Laut Prospekt unterstellt der Initiator für 2009 und 2010 keine Einnahmen aus den Containerschiff- und Massengutfrachterbeteiligungen. In puncto Anschlusscharter geht der Anbieter konservativ erst ab 2012 von der zehnjährigen Durchschnittsrate per 2009 im jeweiligen Schiffssegment und in der jeweiligen Größenklasse aus. Tritt dieser Fall ein, können sogar mehr als die prognostizierten 7,5 Prozent pro Jahr an Anleger ausgezahlt werden. Ein pessimistischeres Szenario nimmt einen Abschlag des Anschlusscharterratenniveaus von 26,5 Prozent vor. Selbst in diesem Fall bekämen Anleger noch ihr eingesetztes Kapital zurück. Ein weiterer Sicherheitspuffer ist die hohe Entschuldungsquote, vor allem bei den Containerschiffbeteiligungen. Von diesem Polster profitieren Zweitmarktanleger, falls die Gebrauchtbeteiligungen doch noch in den Abwärtsstrudel des Erstmarkts geraten sollten.
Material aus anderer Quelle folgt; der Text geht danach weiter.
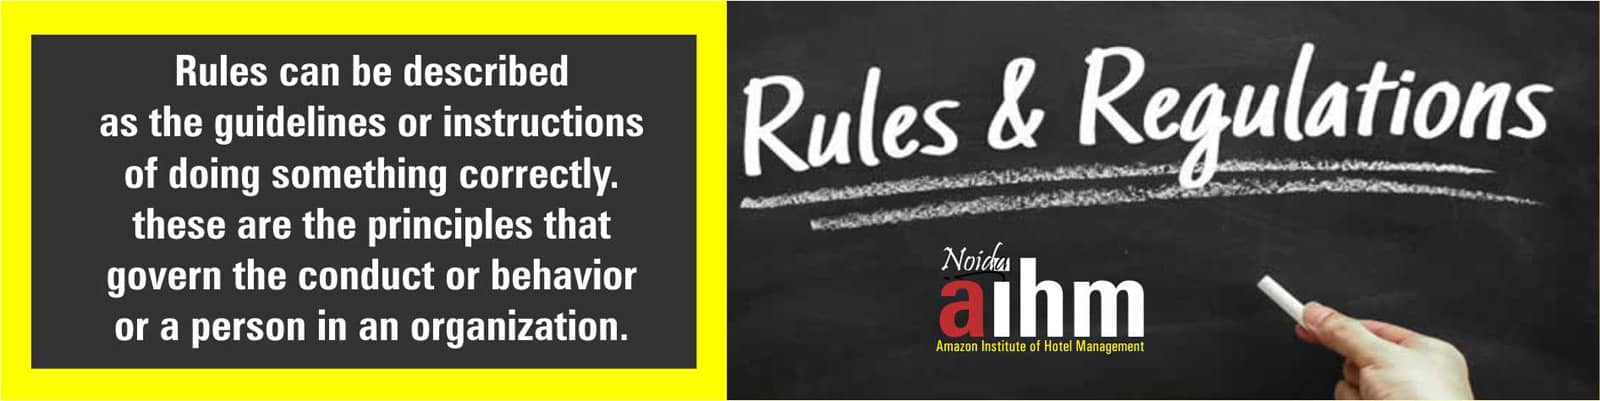 rule-and-regulations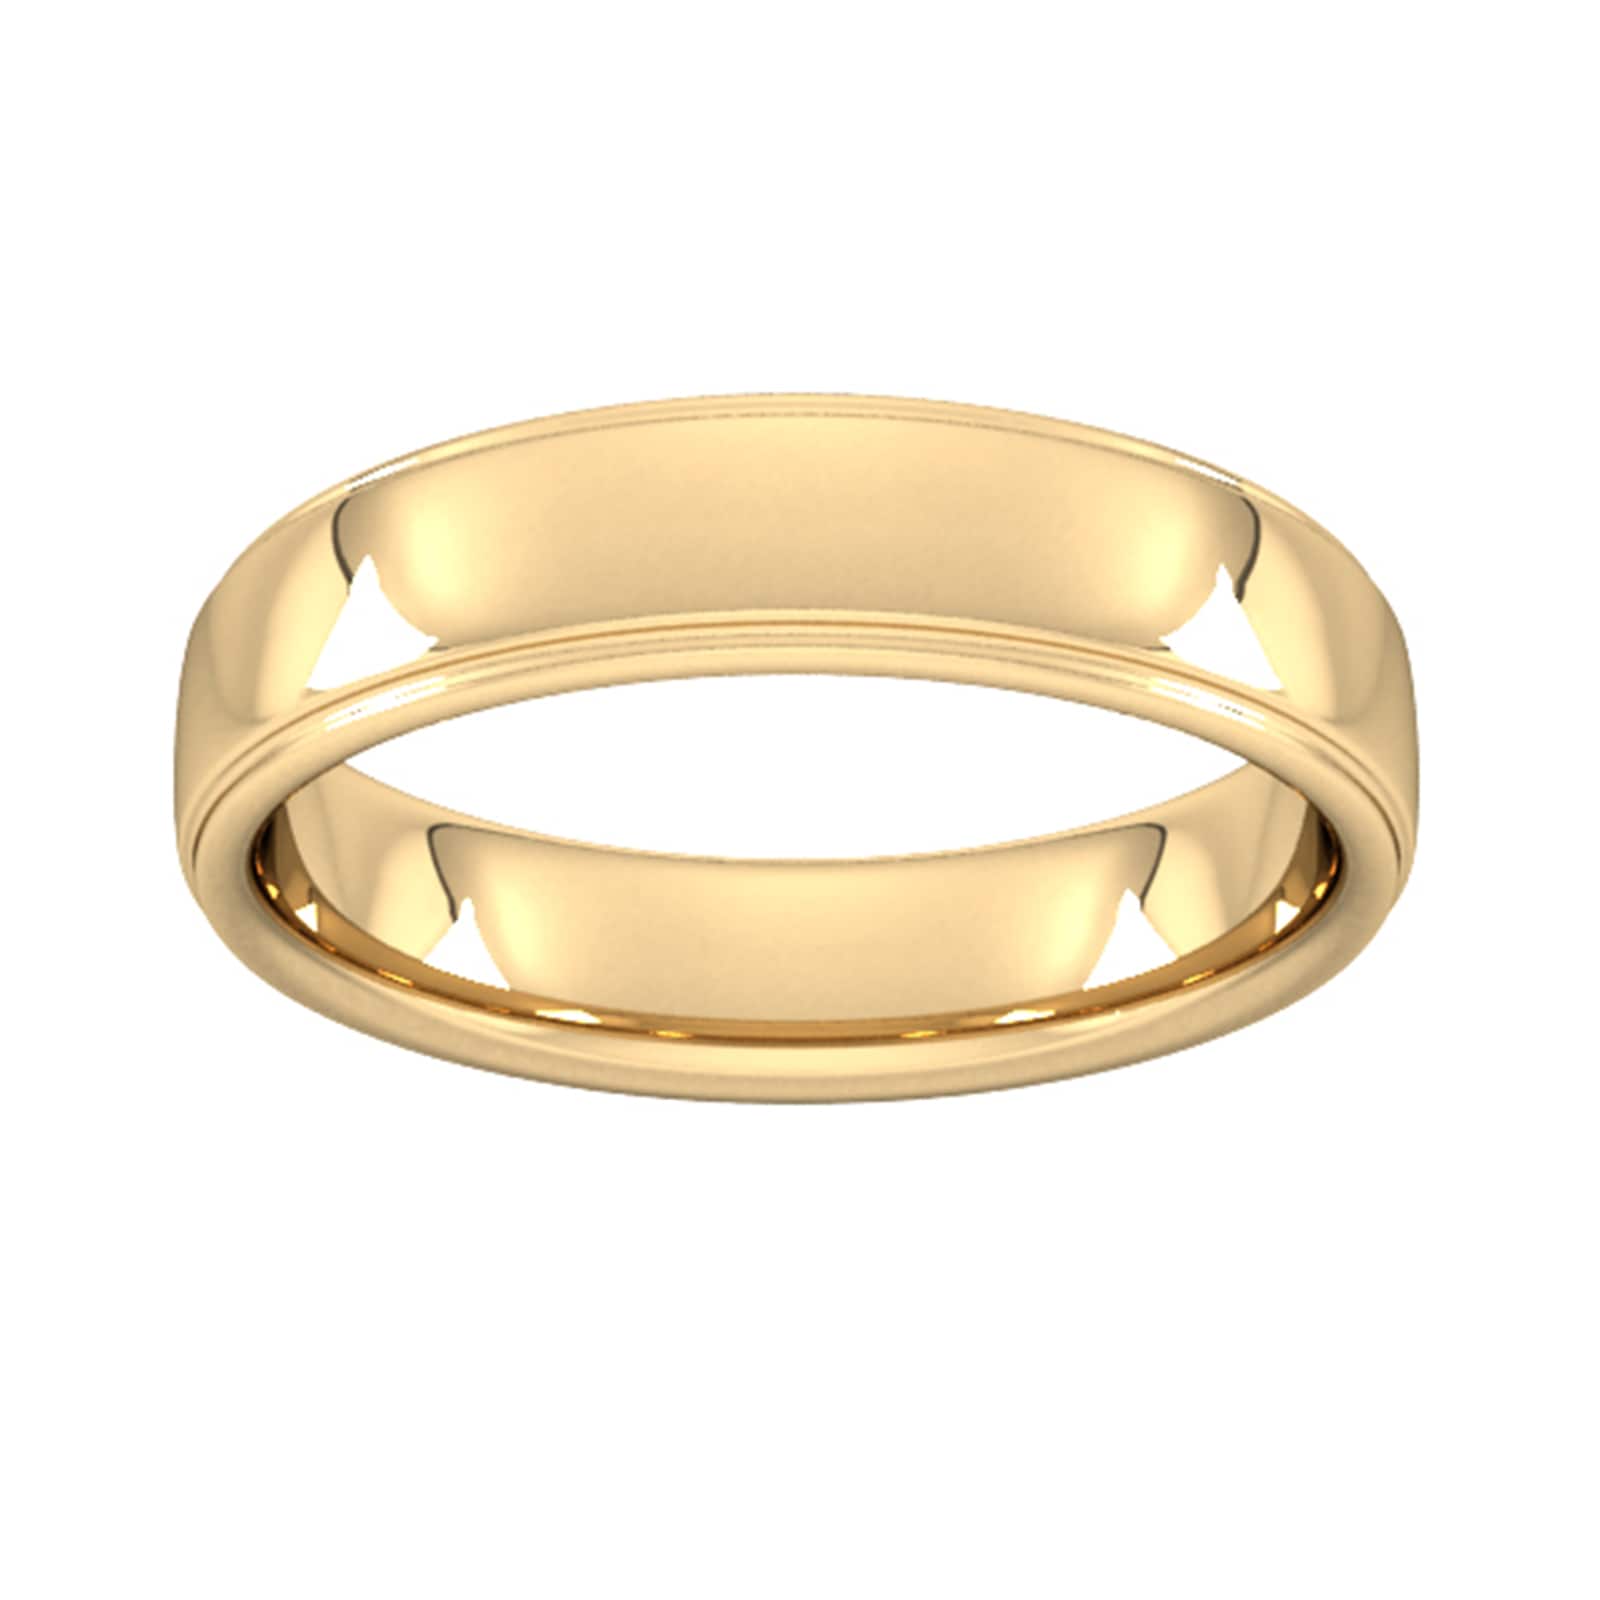 5mm Slight Court Heavy Polished Finish With Grooves Wedding Ring In 9 Carat Yellow Gold - Ring Size P

Die Wahrscheinlichkeit, dass der Schuldenstand den Wert des Schiffs übersteigt und Banken – wie derzeit im Erstmarkt üblich – von Anlegern zusätzliches Kapital fordern, ist aber gering. „Selbst bei den Tankern unseres Portfolios, die im Vergleich zu anderen Segmenten später entschuldet sein werden, kommen wir nicht ansatzweise in die Gefahr, dass eine Loan-to- Value-Klausel greift“, meint Marc Drießen. Insgesamt hat der Initiator bisher Anteile aus zweiter Hand mit einer Zielrendite von deutlich über zehn Prozent eingekauft und somit das Prospektziel übertroffen.
Zum Vergleich: 9,5 Prozent müssen aus erworbenen Beteiligungen kommen, um Anlegern die in Aussicht gestellten durchschnittlichen 7,5 Prozent pro Jahr bezogen auf ihre Einlage bieten zu können. Das liegt im eigenen Interesse des Initiators. Denn erst wenn die Anleger bevorzugt mit 7,5 Prozent bedient sind, bekommt der Anbieter von der darüber liegenden Rendite 25 Prozent. Haben die Anleger neun Prozent erhalten, wird eine weitere Überrendite hälftig aufgeteilt. Nicht nur das ist fair.
Unabhängig vom Erfolg kalkuliert Hesse Newman fürs Management jährlich mit einer Vergütung von 0,4 Prozent des tatsächlich in Zielgesellschaften investierten Kapitals. Da in der Prognose Auszahlungen aus Veräußerungen der Anteile erst zum Laufzeitende 2019 unterstellt werden, ist es wahrscheinlich, dass die Managementgebühr nicht mehr anfällt, wenn es eher zu Rückflussen kommt und somit keine weiteren Investitionen in Zielgesellschaften mehr erfolgen. Unterm Strich ein solides Investment mit großen Chancen.